IN THE TENTH COURT OF APPEALS
No. 10-23-00025-CV
VINCIN CAMPISE, Appellant v.
HECTOR DAVILA, VICTOR MIRELES, ALONZO ROBLES, & ROBERTO RICO, Appellees
From the 361st District Court Brazos County, Texas Trial Court No. 22-001445-CV-361
MEMORANDUM OPINION
Appellant, Vincin Campise, complains about a summary judgment granted in
favor of appellees, Hector Davila, Victor Mireles, Alonzo Robles, and Roberto Rico. We
affirm. Background
On June 30, 2022, Campise filed his pro se original petition against appellees
alleging, among other things, identity theft and fraud with respect to accounts Campise
previously maintained at Truist Bank in Bryan, Texas.

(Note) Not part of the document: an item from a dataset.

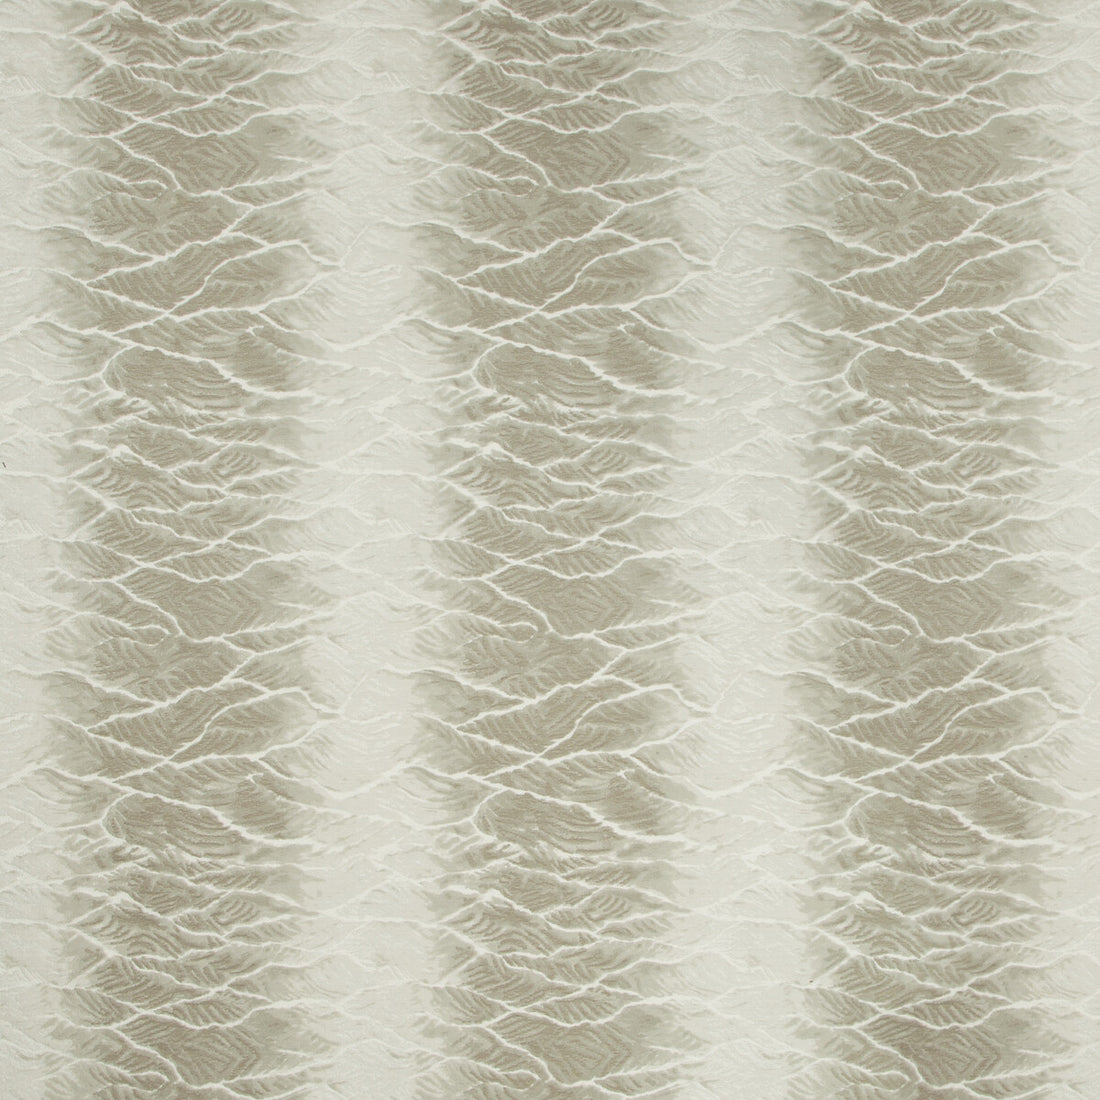 Onsen fabric in platinum color - pattern 35415.11.0 - by Kravet Couture in the Izu Collection collection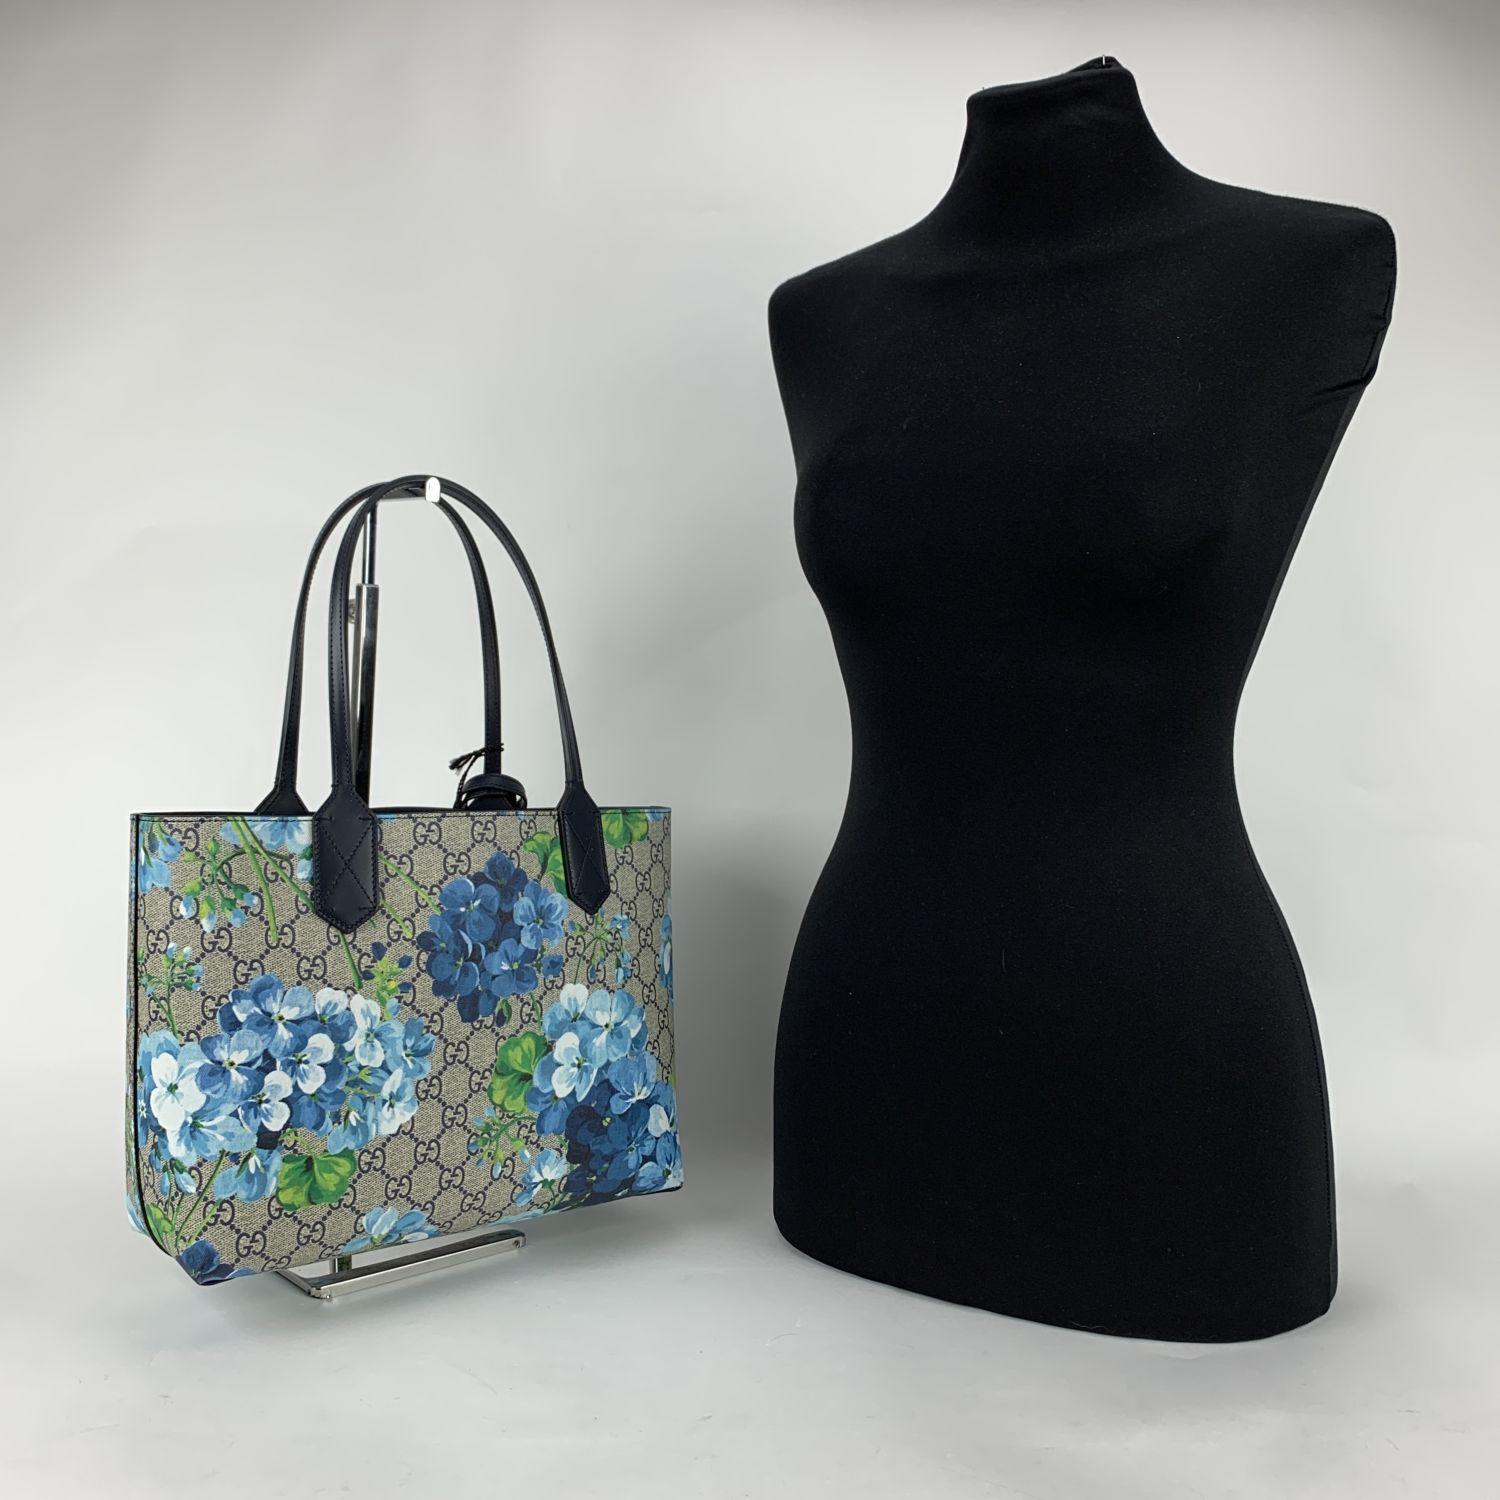 Beautiful Gucci reversible tote bag. The bag features a GG monogram Supreme canvas with Blooms print. on one side and blue leather on the other side. Open top. No interior pockets. Removable ID tag. Double handles. 'Gucci - Made in italy' engraved

Specifically, Campise noted that:
On or about the 24th day of December 2020 Defendant Victor Merlies [sic] did by the direction of Hector Davila, and through consolidation of accounts with assistance of Olonzo Robles [sic] who Had my identity did initiate Fraudulent Accounts such as Revolving, constant credit, credit cards Due to what is listed in credit reports from (EQUIFAX) credit reports. All prior to January 25th When the Plaintiff acquired his D B A for opening a checking account Frontier Roofing Systems The same day. Fraud was not discovered until 2/4/21 or thereabout, and due to entire available cash flow had Been consumed in and by (INTEREST) charges dating back to December 24th 2020 and on Going up to this date, None of the above was AUTHORIZED by the plaintiff.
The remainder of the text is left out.